# Seasonal Allergies and Riding



## frlsgirl (Aug 6, 2013)

Allergy season is apparently in full swing. My nose drips, my eyes burn and water and I start choking on my own spit; so I'm having to take at least one hand off the reins, wipe my nose etc. So I can't trot or canter for very long because I have to take ummm "snot" breaks. 

I'm not allergic to horses, I am allergic to grass though especially timothy and bermuda...and guess what the barn feeds? 100% bermuda.

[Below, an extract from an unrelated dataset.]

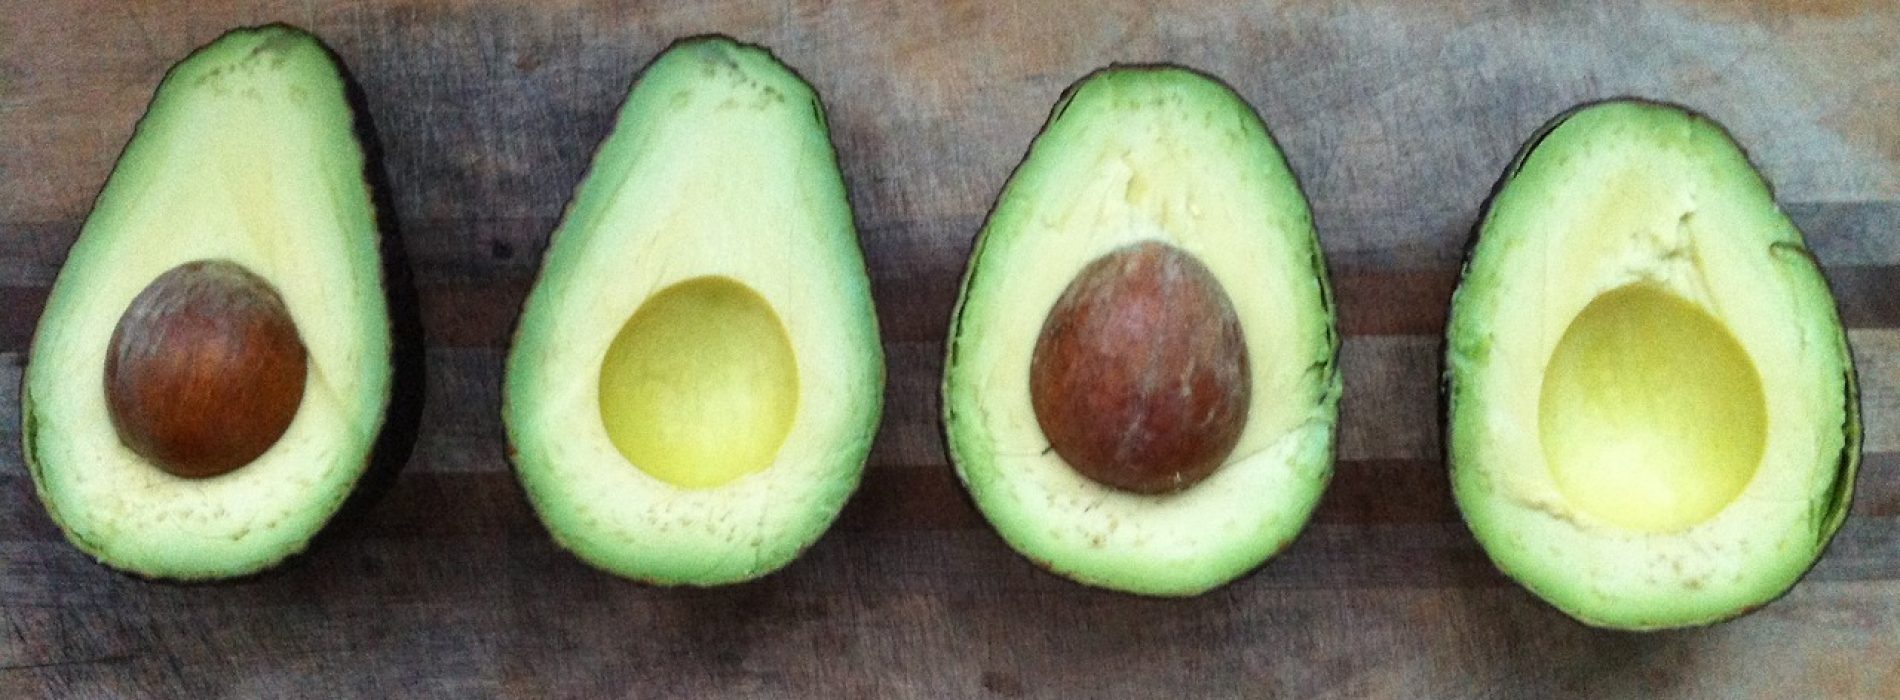 Wat het gezondste deel van een avocado is? Dit had ik echt never nooit verwacht!

Ana loves that stuff; me, not so much.

I've tried pretty much all the allergy remedies. Claritin does nothing for me. Benadryl works but makes me too drowsy to function. Zyrtec works well but also makes me too drowsy to function. So the doc suggested taking it at night, but I'm still drowsy the next day and have to double up on caffeine. By the time I get to the barn, the Zyrtec has half/way worn off plus I'm jittery from the extra caffeine. 

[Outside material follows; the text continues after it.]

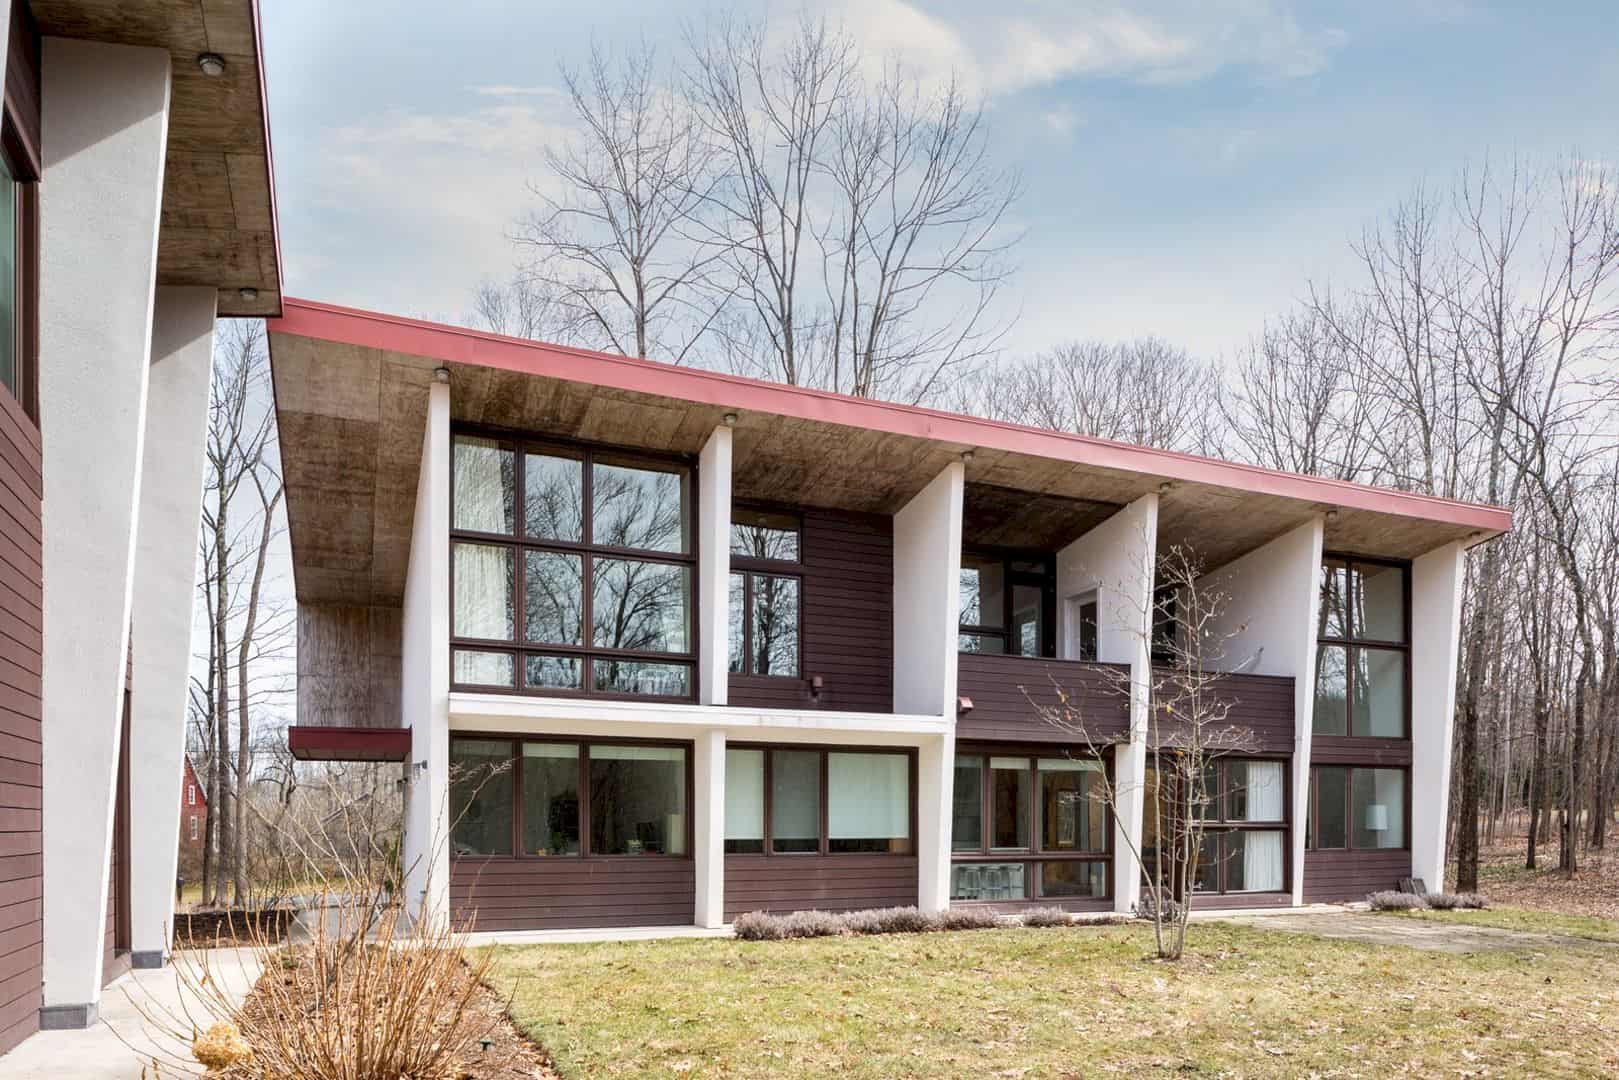 A Rural Eco Friendly Retreat In Connecticut Designed By Lynn Gaffney 8

I also tried Allegra and Alavert; no noticeable improvement.

What do you all do for seasonal allergies?


----------



## jaydee (May 10, 2012)

I get anyone visiting from the UK to bring me something called Beconase - its a steroid type nasal spray and works really well - I think you can only get it on prescription here in the US
I have the same trouble with allergy meds that are anti histamines as even the non drowsy ones make me sleepy so have to take them at night
You could try a face mask - uncomfortable but they do help - as does washing your hair every night - the pollens really stick to it and then transfer to your pillows.


----------



## frlsgirl (Aug 6, 2013)

jaydee said:


> I get anyone visiting from the UK to bring me something called Beconase - its a steroid type nasal spray and works really well - I think you can only get it on prescription here in the US
> I have the same trouble with allergy meds that are anti histamines as even the non drowsy ones make me sleepy so have to take them at night
> You could try a face mask - uncomfortable but they do help - as does washing your hair every night - the pollens really stick to it and then transfer to your pillows.

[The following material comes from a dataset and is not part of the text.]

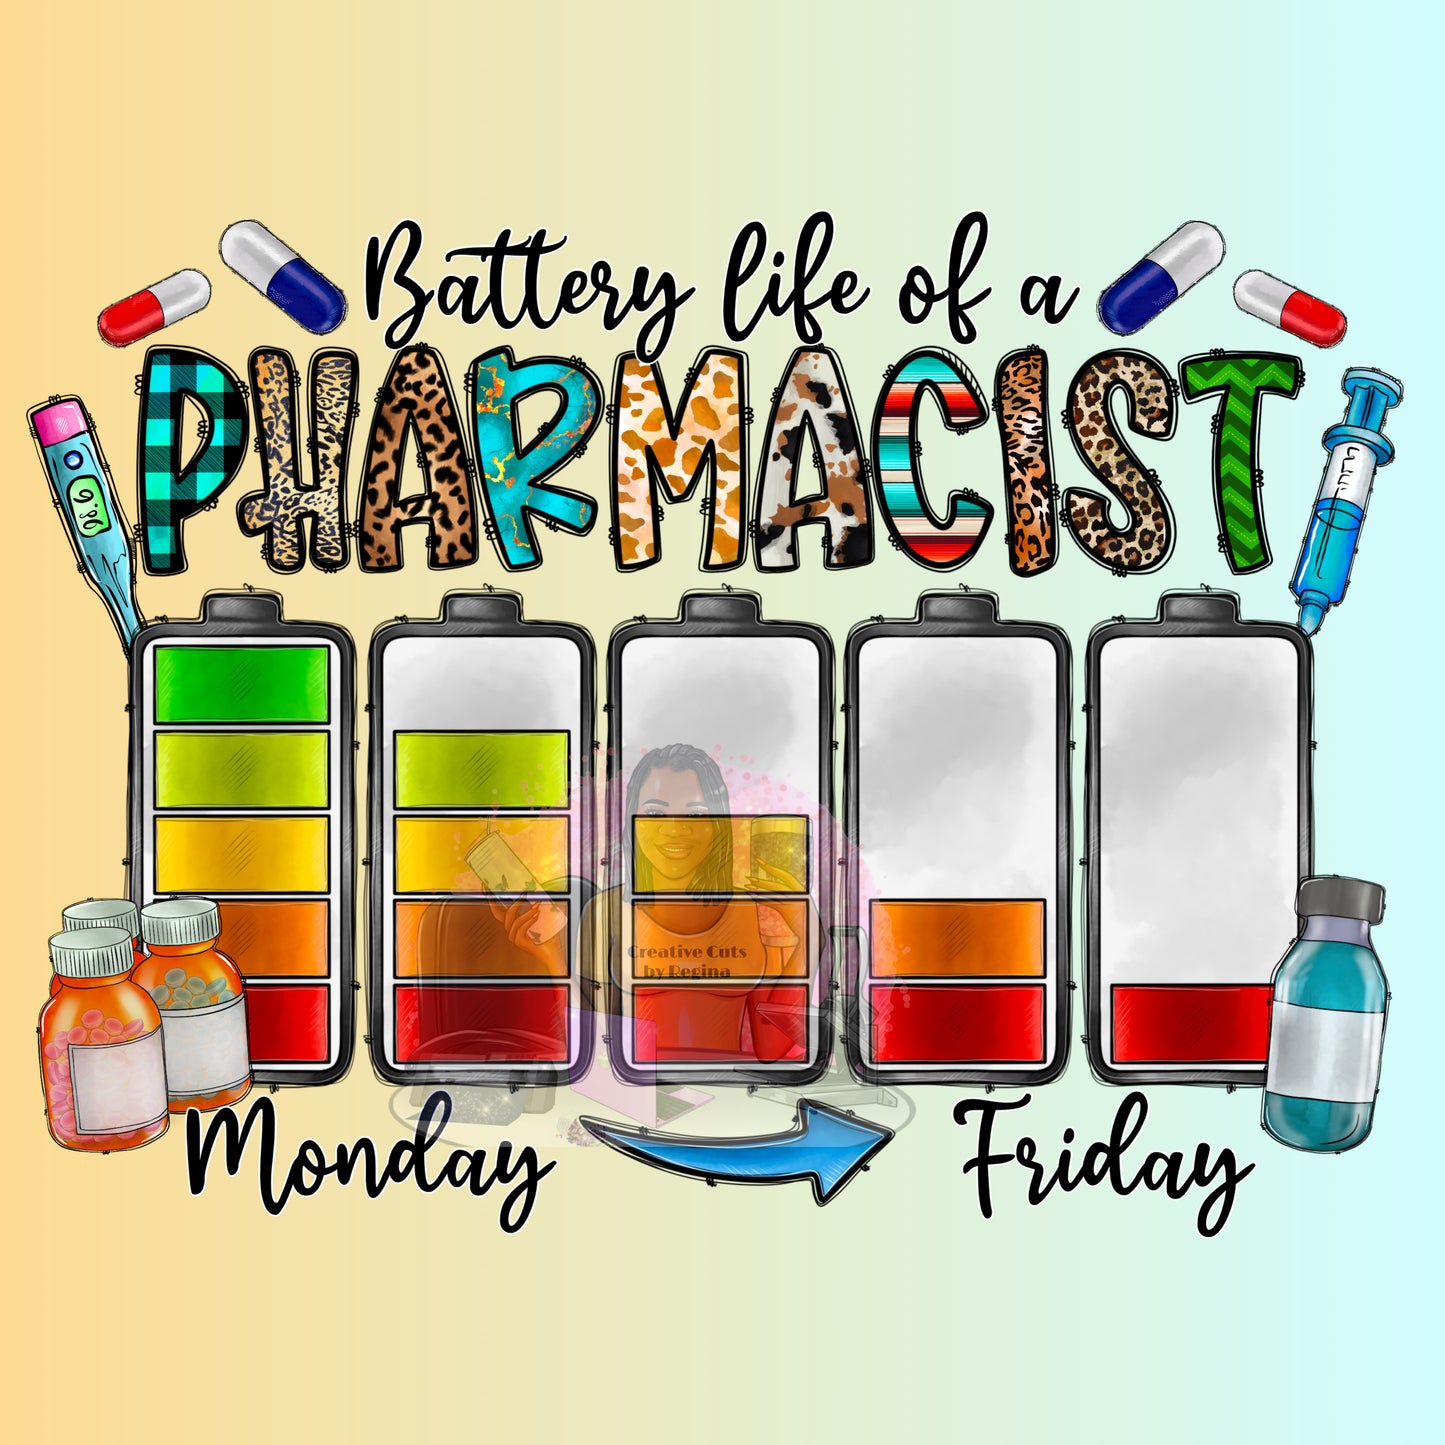 Pharmacy_batter life

I didn't know that about pollen sticking to hair. Wearing a face mask does not sound appealing at all. I might try taking Zyrtec in the afternoon that way it's fresh in my system when I go ride in the evening. Hopefully I won't fall asleep on Ana's back.


----------



## Amba1027 (Jun 26, 2009)

This may be a bit more serious than you are looking for but, how about allergy shots? I used to be allergic to every type of grass, pollen, and tree under the sun. I got shots for a bit and stopped because I thought they hadn't helped at all. Turns out I don't have any seasonal allergies anymore (I just couldn't tell because I have pets and am allergic to anything with fur lol). Anyway, turns out they worked really well. I'm going to start getting shots again, but for the pet allergies this time (they didn't have the shots for pet allergies before).


----------



## Paradise (Jun 28, 2012)

^^ what she said
_Posted via Mobile Device_


----------



## frlsgirl (Aug 6, 2013)

I have considered allergy shots but since they didn't really work for either of my dogs I'm skeptical. If it gets much worse I guess it will be my last resort.


----------



## Dehda01 (Jul 25, 2013)

I swear by nasocort, and it appears it is no longer prescription!


----------



## Cacowgirl (Feb 19, 2011)

I just got some Nasacort last week-it is really helping-and no drowsiness! I take it at night, so I can sleep better.


----------



## jaydee (May 10, 2012)

It looks like nasocort is much the same as the UK spray I use - which is good news if I can buy it over the counter here now and not have to pay to see the GP every time - they wouldn't issue on a repeat prescription because its a steroid I suppose.
I would try it as it makes a real difference to the quality of my life in allergy season


----------



## frlsgirl (Aug 6, 2013)

I will. Thank you.
_Posted via Mobile Device_


----------



## ShadowRider (Feb 28, 2014)

15 years ago, I had allergies so bad I was barely able to function. Horrible nasal congestion, asthma attacks, itchy eyes that would swell shut, the whole nine yards. Medication and shots did not work and I was at my wits end. I just stayed inside all summer - and still felt miserable. I had acupuncture as a last resort because I read somewhere it might help. I didn't think it would work, but it did wonders for me. I go back every five years for a 'refresher', but I can be outside all day now without any issues.


----------



## frlsgirl (Aug 6, 2013)

ShadowRider said:


> 15 years ago, I had allergies so bad I was barely able to function. Horrible nasal congestion, asthma attacks, itchy eyes that would swell shut, the whole nine yards. Medication and shots did not work and I was at my wits end. I just stayed inside all summer - and still felt miserable. I had acupuncture as a last resort because I read somewhere it might help. I didn't think it would work, but it did wonders for me. I go back every five years for a 'refresher', but I can be outside all day now without any issues.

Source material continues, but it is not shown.